Sahte umut ile stratejinin ayrıldığı çizgiyi sosyal demokrasinin ve oportünizmin işlevinde görebiliriz. Türkiye’de (ve diğer ülkelerde) devrimin yolunu açacak hamlelere ve dolayısıyla enerji kazanmaya dair beslenen çarpık anlayış devrime hazırlanma görevinin ters yüz edilmesine de neden oluyor. Sinir harbinin kaybedilmesi, açıkça ilan edilmeyen inançsızlık “hiç değilse” stratejisini devreye sokuyor. Bunun anlamı, genel umutsuzluk ve güçsüzlük ortamında enerji kazanmak için, önü açık gibi gözüken, “hiç değilse” enerji yaratma ihtimali olan alternatife destek vermek, tabir uygunsa herkesin koştuğu yere koşmak oluyor. İşte bu siyaset anlayışının çağrı ile birleştiği noktada artık stratejiden sahte umuda geçiş yapılmış oluyor.

Halbuki hem tarihsel izlek hem de enerji kazanmanın mantığı tersine çevrilmelidir. Tarihte faşizm, komünistler faşizme karşı sosyal demokratlarla birleşmedikleri için değil, daha en başından sosyal demokratların bilinçli hamleleri solu ve sola güvenen kitleleri boşa düşürdüğü için yükseldi.

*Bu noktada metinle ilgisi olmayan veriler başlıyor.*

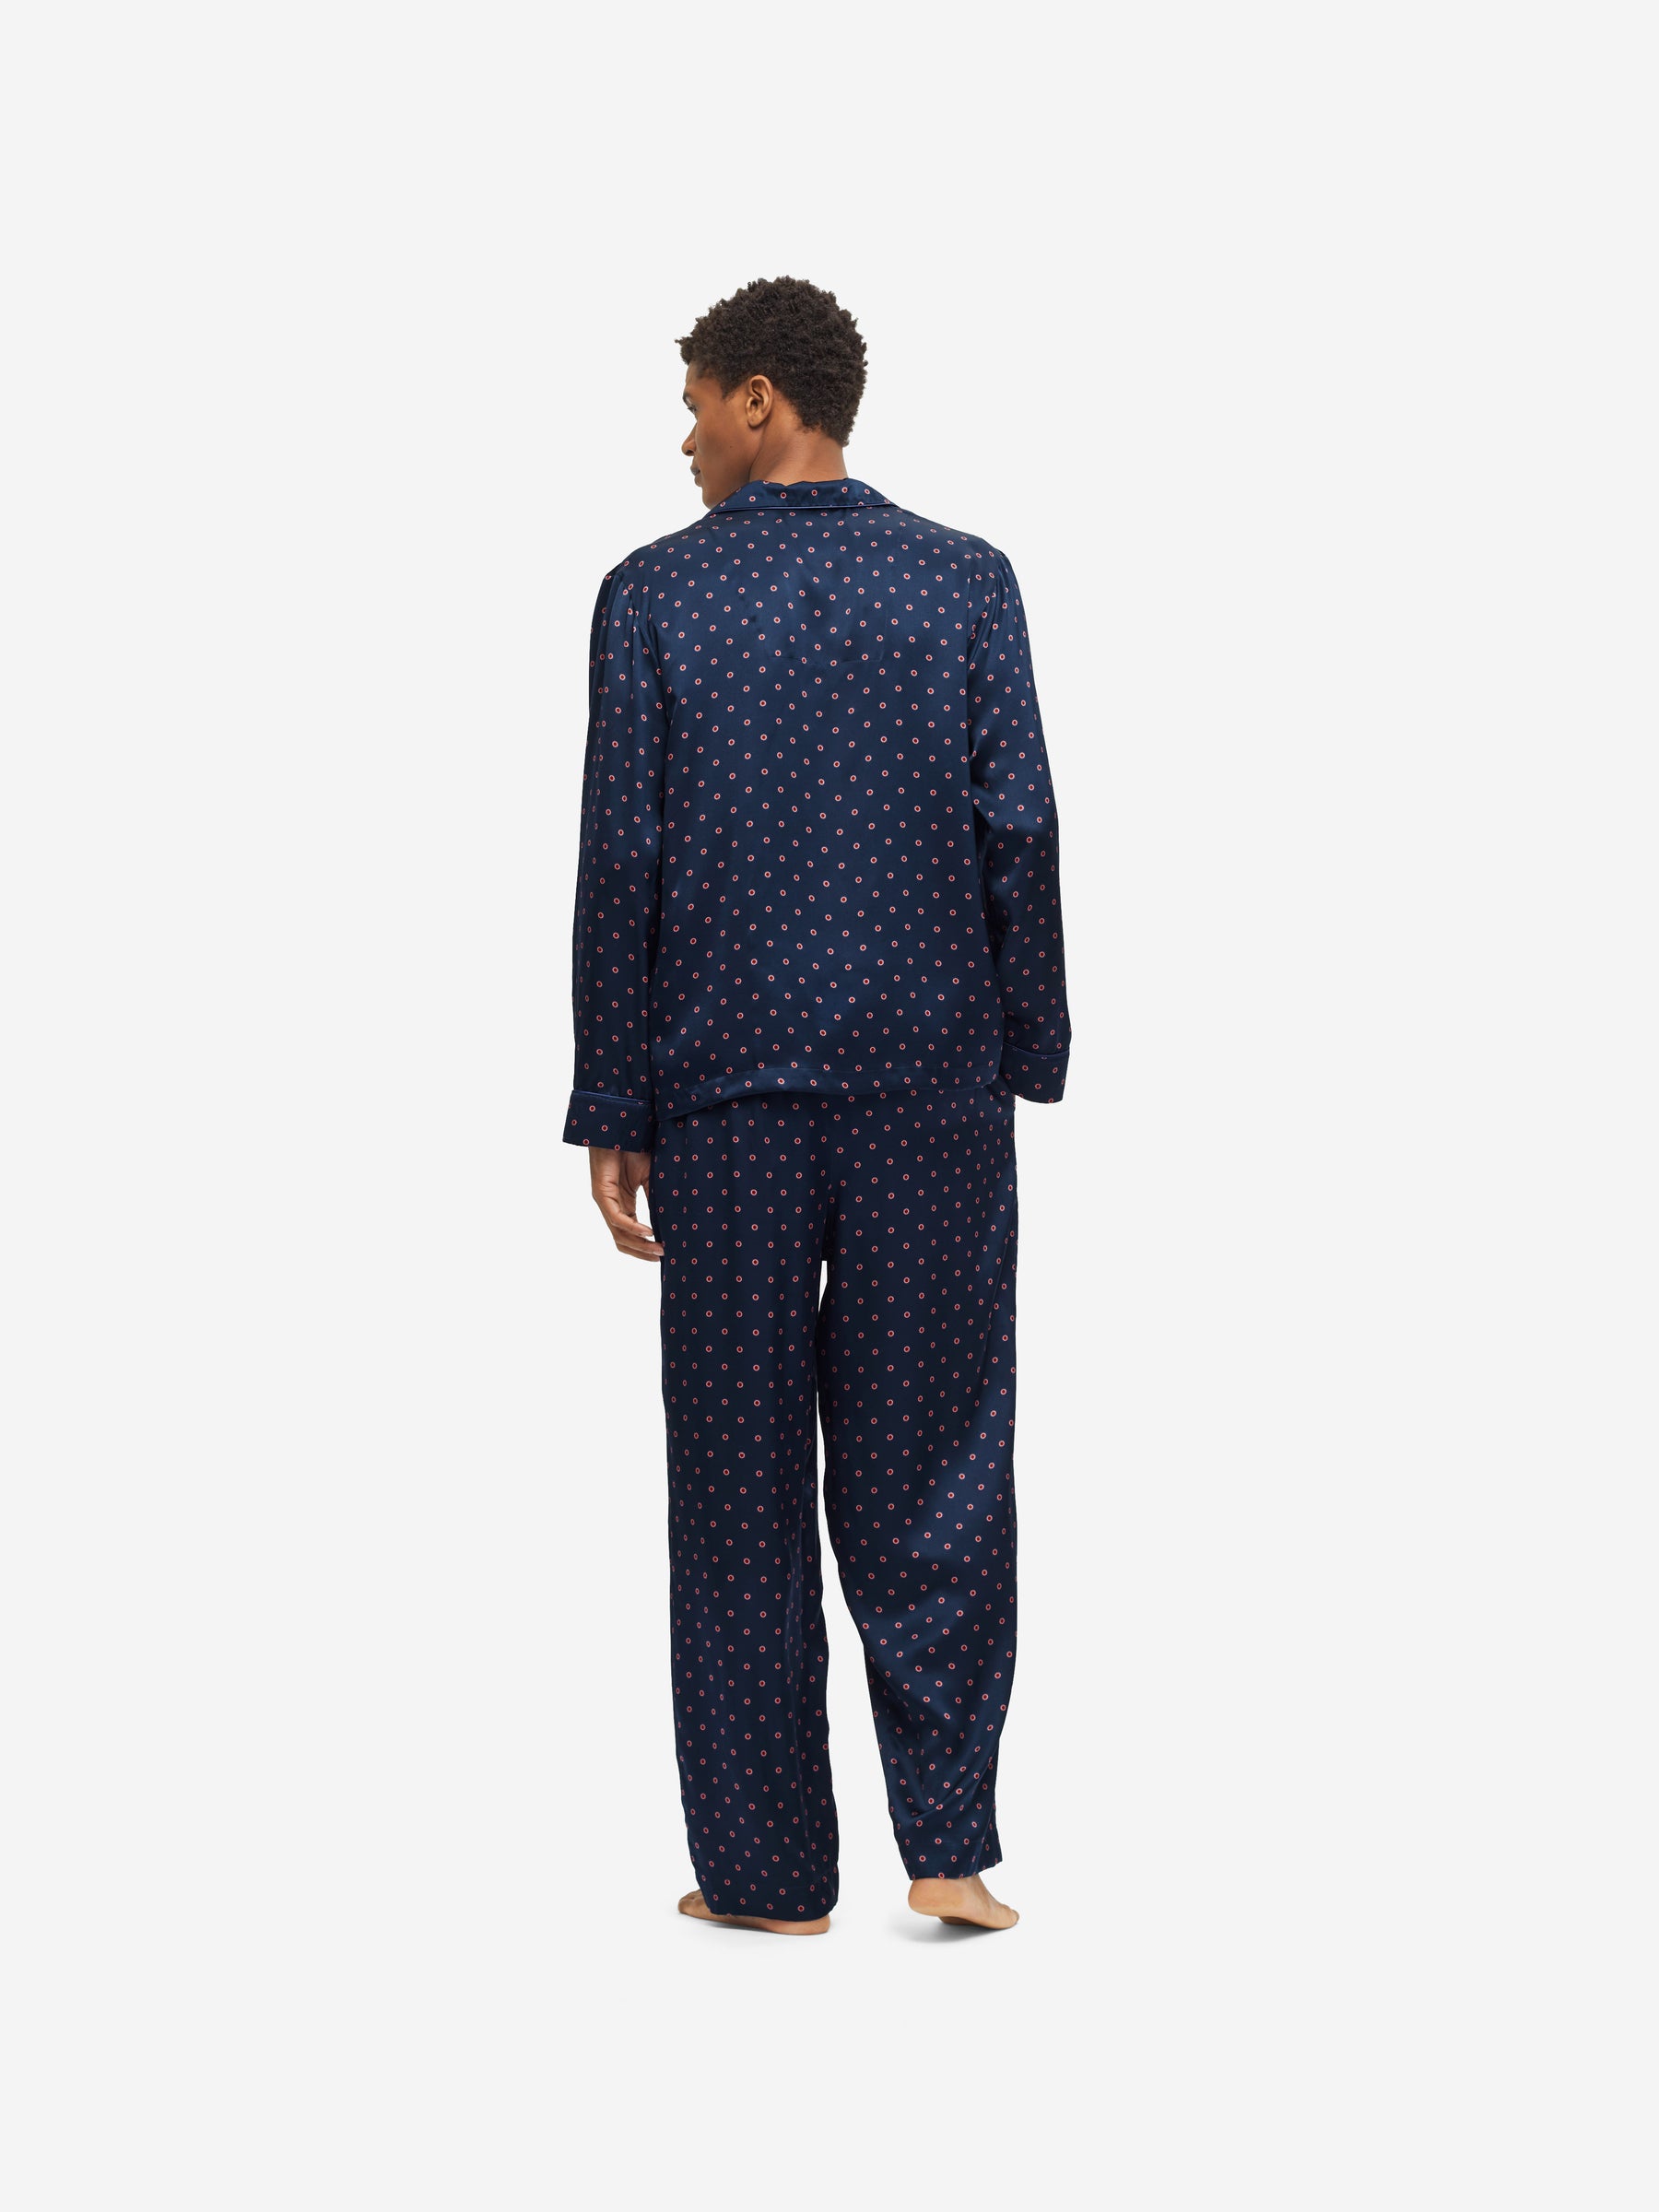 Men's Pyjamas Brindisi 79 Silk Satin Navy

Türkiye’de sol çıkışın ayağını basacağı zemin, devrimciler Erdoğan’a karşıtlıkla yan yana gelmiş o geniş cepheyle birleşmedikleri için değil, o geniş cephenin en önemli sosyal demokrat unsurları gerçek çıkışın enerji noktalarını tek tek tahrip ettikleri için zayıfladı. Üstelik sosyal demokrasi tek bir anda gerçek bir çarpışmayı yatıştırmakla kalmadı, sonraki çarpışmaların filizleneceği zemini düzenli olarak tahrip ettikçe kendi kendisinin genetik kodlarıyla da oynadı. Türkiye’de sosyal demokrasi, karşı-devrimci bir misyonla iktidara gelen partinin karşısında gibi gözükürken bu misyonun bir aktörü haline geldi. İşte bu geniş cepheden “hiç değilse” bir enerji kazanılabileceğini düşünerek çağrı yapanlar aynı misyonun reklamcıları konumuna düşmektedirler.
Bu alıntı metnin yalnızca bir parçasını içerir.